Он повернулся и ответил:
– Хорошо.
Затем он вернулся к телескопу, а его мама скрестила руки в ожидании, наблюдая за нами.
– Сейчас же, Джейми. Может, отведешь свою гостью вниз и предложишь ей что-нибудь поесть? Тебе нравятся креветки, Марен?
– Да, миссис Гэш.
– Можешь попробовать и печенье. Мы с Джейми сами его испекли.
Джейми вздохнул. Мы вышли из комнаты и спустились по лестнице. У стола с напитками возле рождественской елки он налил из хрустальной миски две чашки пунша и протянул одну мне.
– Извини, что так получилось.
Я пожала плечами:
– Спасибо, что показал Плеяды.
Миссис Гэш вернулась к своим обязанностям хозяйки, и больше никто, казалось, нас не замечал. Я видела, как мама разговаривает с какими-то двумя женщинами у камина. Она рассказывала шутку, и когда дошла до кульминации, они откинули головы назад и захохотали.
– Идем!
Джейми схватил меня за свободную руку и повел по коридору, прочь от шума вечеринки. Я торопливо отхлебнула пунш, чтобы он не пролился на ковер.
– Куда мы идем?
– Хочу показать тебе кое-что внизу.
Дверь в подвал находилась рядом с гостевой комнатой. Внизу был прохладно, пахло краской, плесенью и нафталином. Единственным источником света была простая лампочка, подвешенная к грубым балкам. У подножия лестницы стояли стиральная машина с сушилкой, остальное пространство было заполнено старой мебелью и картонными коробками. Бетонный пол был голым, и только перед стиралкой лежал небольшой серый коврик.
– Зачем ты меня сюда привел? – спросила я. – Наверху лучше.
Он поставил свою чашку с пуншем на сушилку.
– Можно посмотреть?
– Посмотреть на что?
Он похлопал по пряжке ремня на своих джинсах, глядя на коврик у нас под ногами.
– Ну, знаешь.
«Хочу показать тебе кое-что внизу». Моя ошибка.

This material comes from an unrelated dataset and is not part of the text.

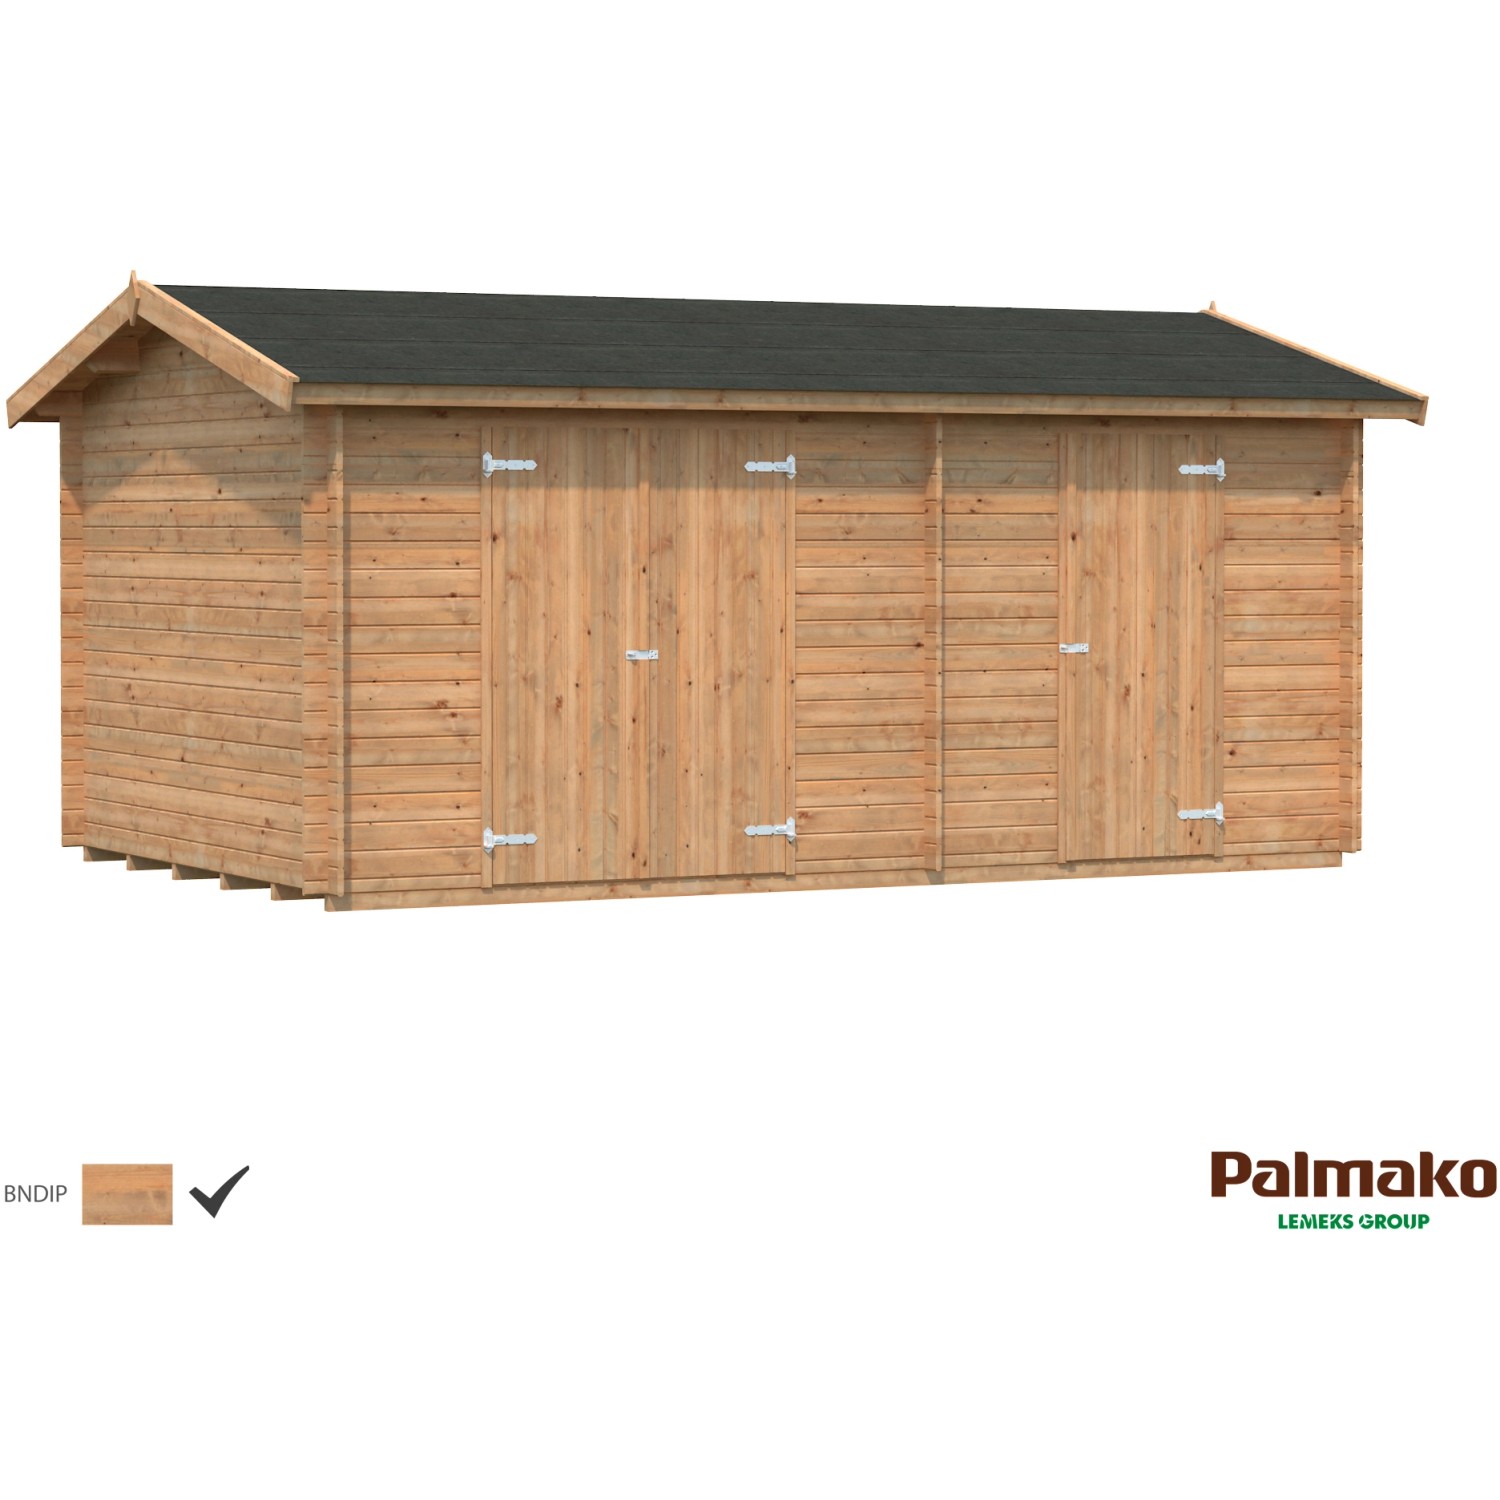 Palmako Jari Holz-Gartenhaus Braun Satteldach Tauchgrundiert 520 cm x 300 cm von Palmako
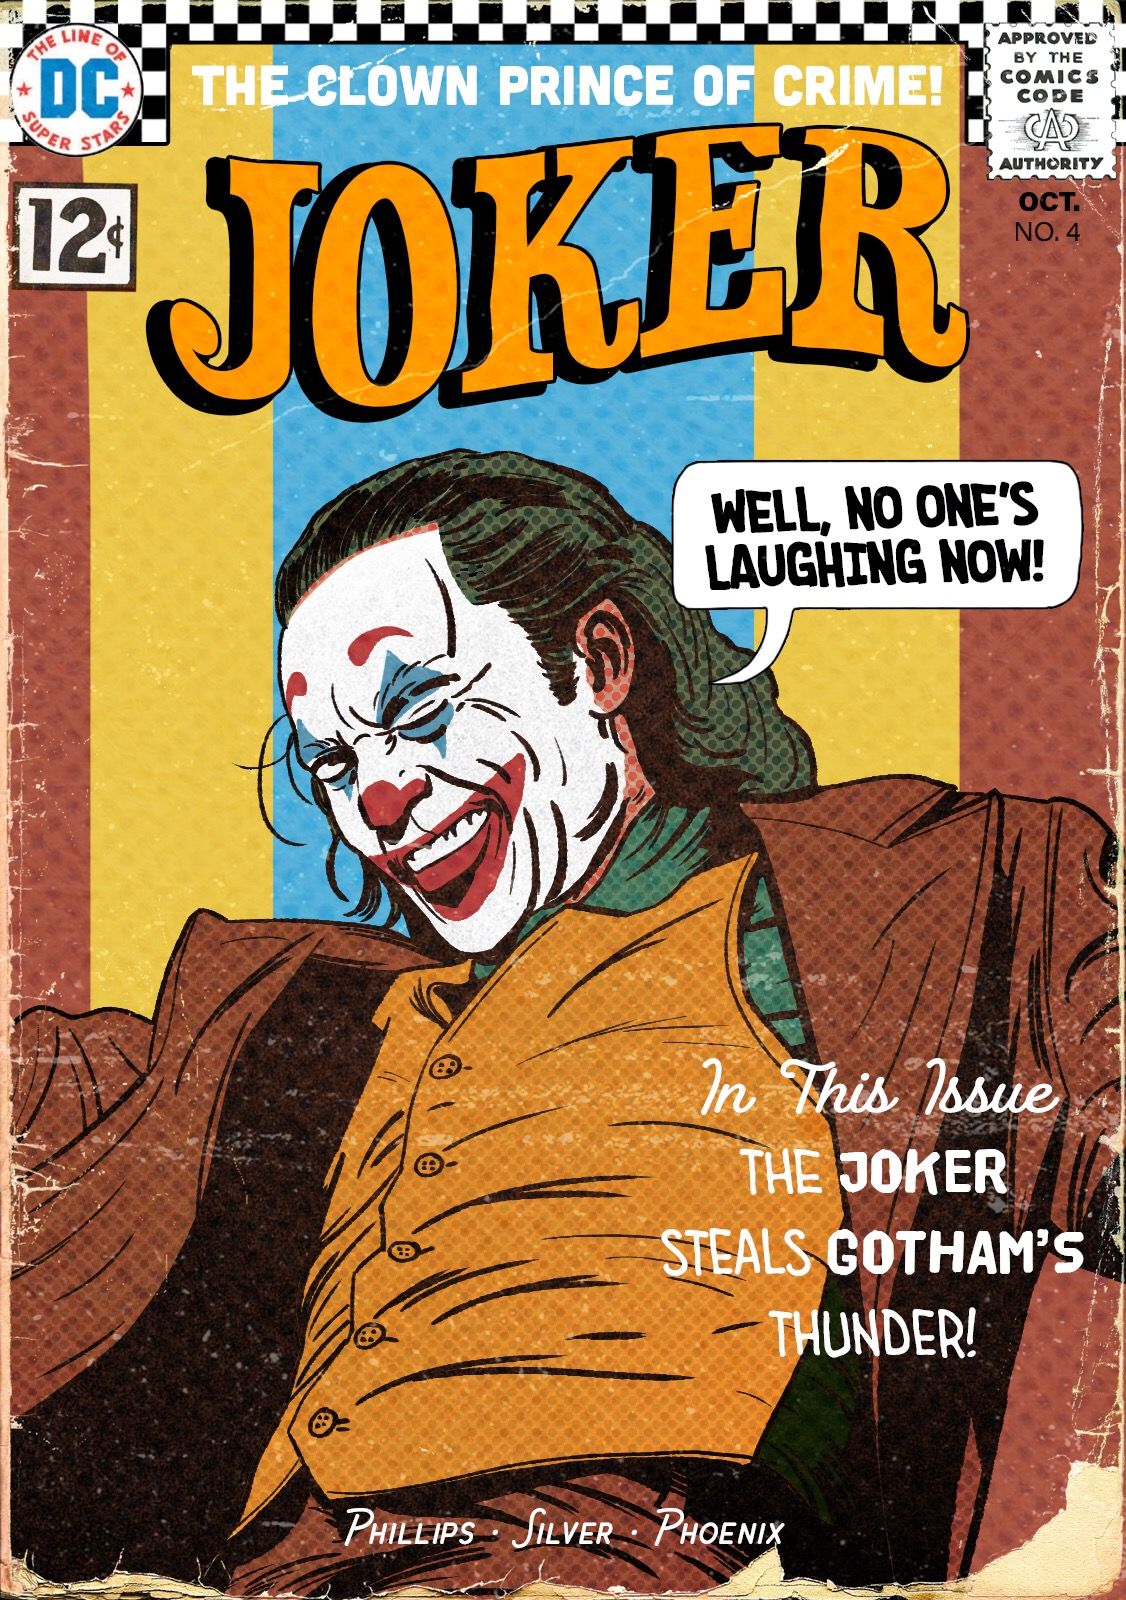 portada retro comic - the joker you get what you deserve

– Нет, – сказала я. – Ты первый.
Он расстегнул молнию, и его джинсы сползли вниз до щиколоток. На его трусах были нарисованы кометы и ракеты. Он сунул большие пальцы под резинку, опустил и тут же подтянул трусы обратно – так быстро, что я едва смогла что-то разглядеть.
– А теперь ты.
Я помотала головой.
– Ты же сказала, что покажешь.
– Ничего я не говорила.
Минуты полторы он раздумывал и нахмурился, когда понял, что я права.
– Как-то глупо получилось.
– Нет-нет.
– Это была плохая мысль. Не надо было приводить тебя сюда.
Я шагнула к лестнице.
– Все нормально. Давай поднимемся.
– А можно попросить тебя еще кое о чем?
– О чем?
Он что-то пробормотал.
– Что?
– Можно… поцеловать тебя?
Я понимала, что этого делать нельзя, но я уже разочаровала его. «Обидишь его еще раз – окажешь ему услугу. Уходи. Немедленно. Сейчас».
Но он шагнул ближе, а я не повернулась и не убежала. Что-то внутри заставило меня замереть. Я ощутила, как в животе растекается паника. «Уходи, немедленно – если он подойдет еще ближе, ты не сможешь остановиться».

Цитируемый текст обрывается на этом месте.